Computing devices (e.g., computers, tablets, smart phones, digital cameras, wearable devices, etc.) provide numerous ways for people to capture, create, share, view, and otherwise interact with numerous types of digital content. As such, users are increasingly using computing devices to capture different types of digital images or photographs (or simply “digital photos”). For example, many computing devices enable users to capture and store panoramic digital images (or simply “panoramic images”).
In many cases, computing devices capture a typical panoramic image by taking multiple images and stitching those images together in an elongated panoramic image. For example, many conventional systems for generating panoramic images involve a user holding and moving a camera, or other image capturing device (e.g., a mobile device), along a fixed line over a duration of time.
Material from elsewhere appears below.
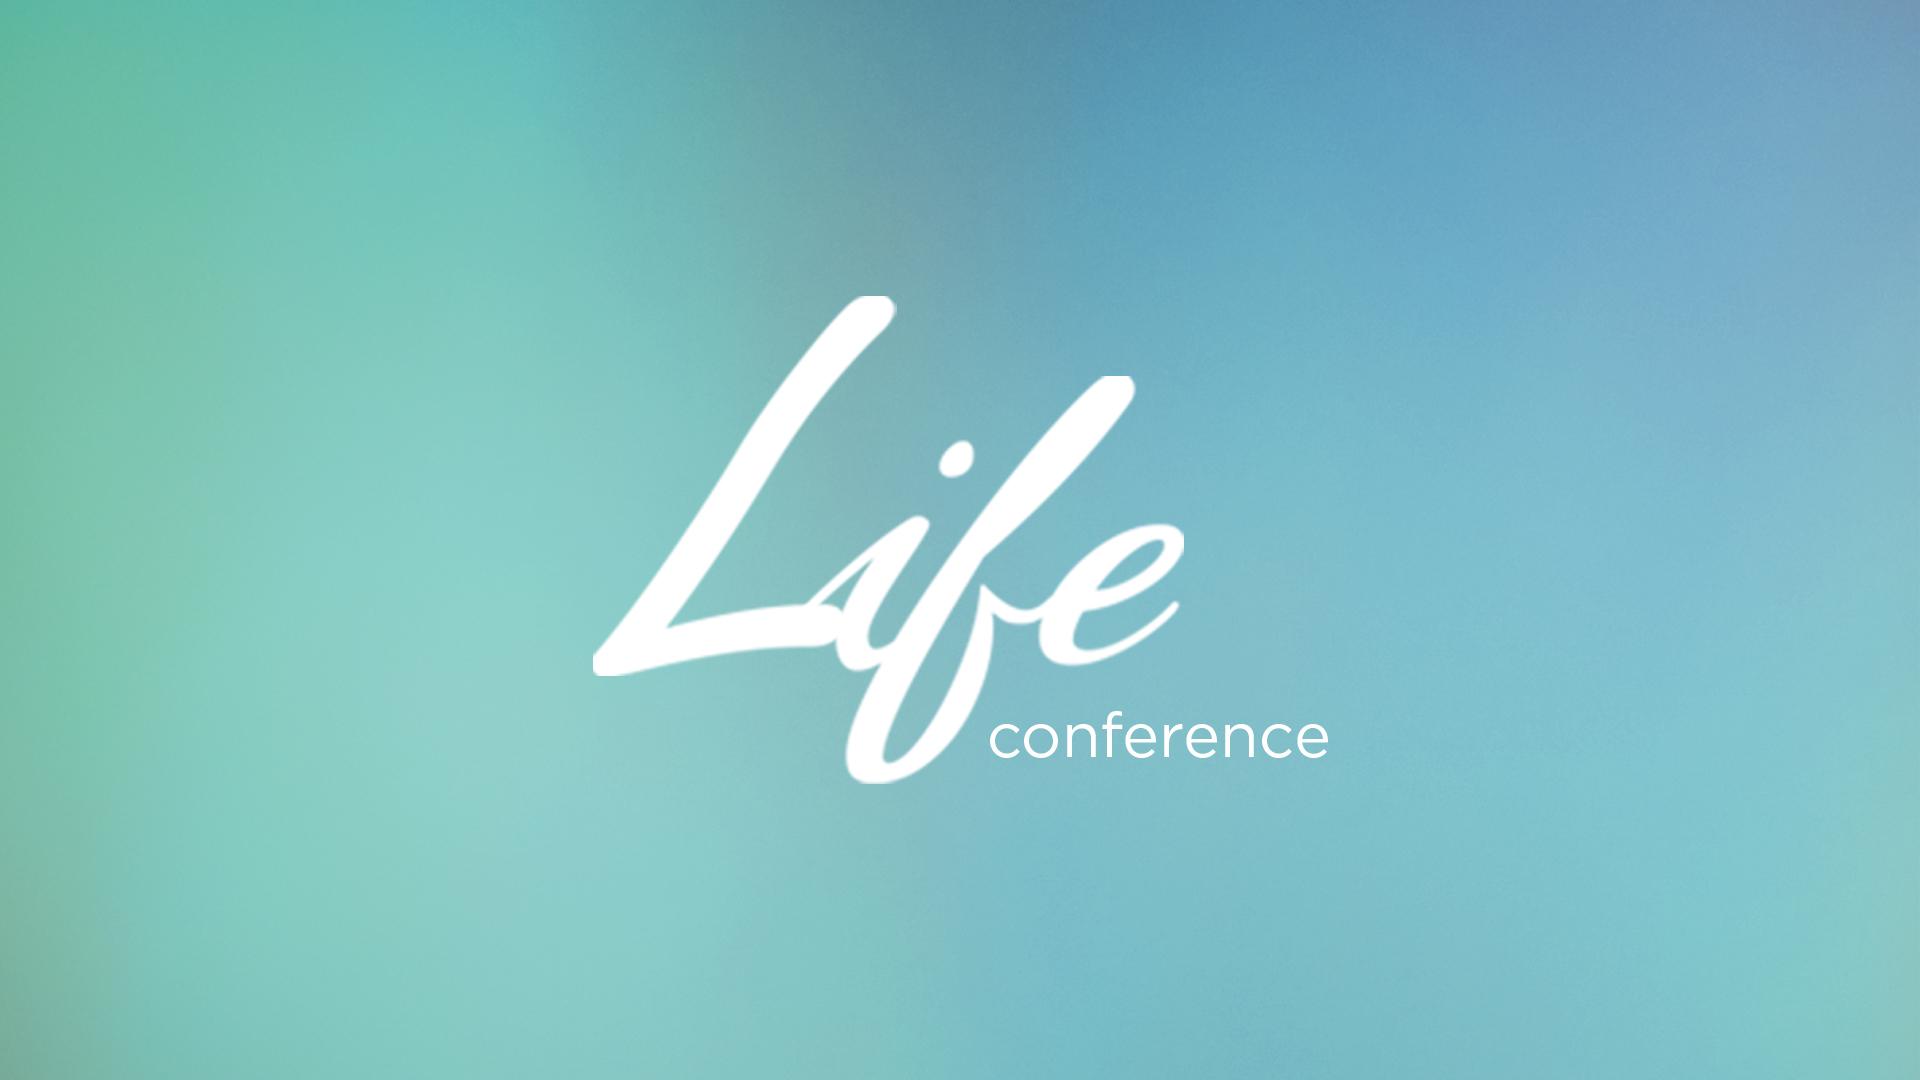 Life Conference Fall 2017 logo

Where the user fails to stay exactly along the fixed line or moves the camera at intermittent speeds resulting in bad alignment, a resultant panoramic image often includes a non-uniform shape that, results in an elongated image having various irregularities along the boundary of the resultant panoramic image. In addition to the bad alignment, another reason for shape irregularity is that panoramic images are often projected onto spherical or cylindrical surfaces that cause nonlinear transform of the boundaries. Therefore, such projected panoramic image often have an irregular shape.
Many conventional systems attempt to correct an irregular shape of a panoramic image by cropping or adding content to a panoramic image to generate an image that conforms to a predefined shape. For example, some conventional systems simply crop or add content to a panoramic image to cause the irregular shape of the panoramic image to conform to a rectangular shape. Simply cropping a panoramic image, however, often removes important features from the panoramic image. Additionally, adding content often causes portions of the panoramic image to include content that fails to blend with the rest of the image or otherwise detracts from the modified image.
As an alternative to cropping or adding content, many conventional systems cause a panoramic image to conform to a shape by warping portions of the panoramic image to conform to the predetermined shape. Conventional systems for warping a panoramic image, however, often cause noticeable distortion to various portions of the image. As a result, content within the panoramic image often gets stretched or distorted and disrupts the content of the panoramic image.
To overcome disruption caused by warping images, some conventional systems utilize content-aware warping techniques that analyze content within a panoramic image to avoid causing noticeable distortion when warping the panoramic image. For example, many conventional systems analyze pixels of a panoramic image to identify buildings, people, faces, objects, or other visual features within the content of a panoramic image and avoid stretching or modifying those regions of the panoramic image in such a way that disrupts those identified features of the image. Utilizing content-aware warping techniques, however, involves analyzing content of an image, and often becomes computationally prohibitive depending on the complexity of the individual images being stitched together. As such, many computing devices experience difficulty or take a long time to implement content-aware warping techniques. Furthermore, where an image includes dense or clustered features within the captured image, many content-aware warping techniques fail to warp the image without causing noticeable distortion throughout the panoramic image.
These and other problems exist with regard to modifying a panoramic image.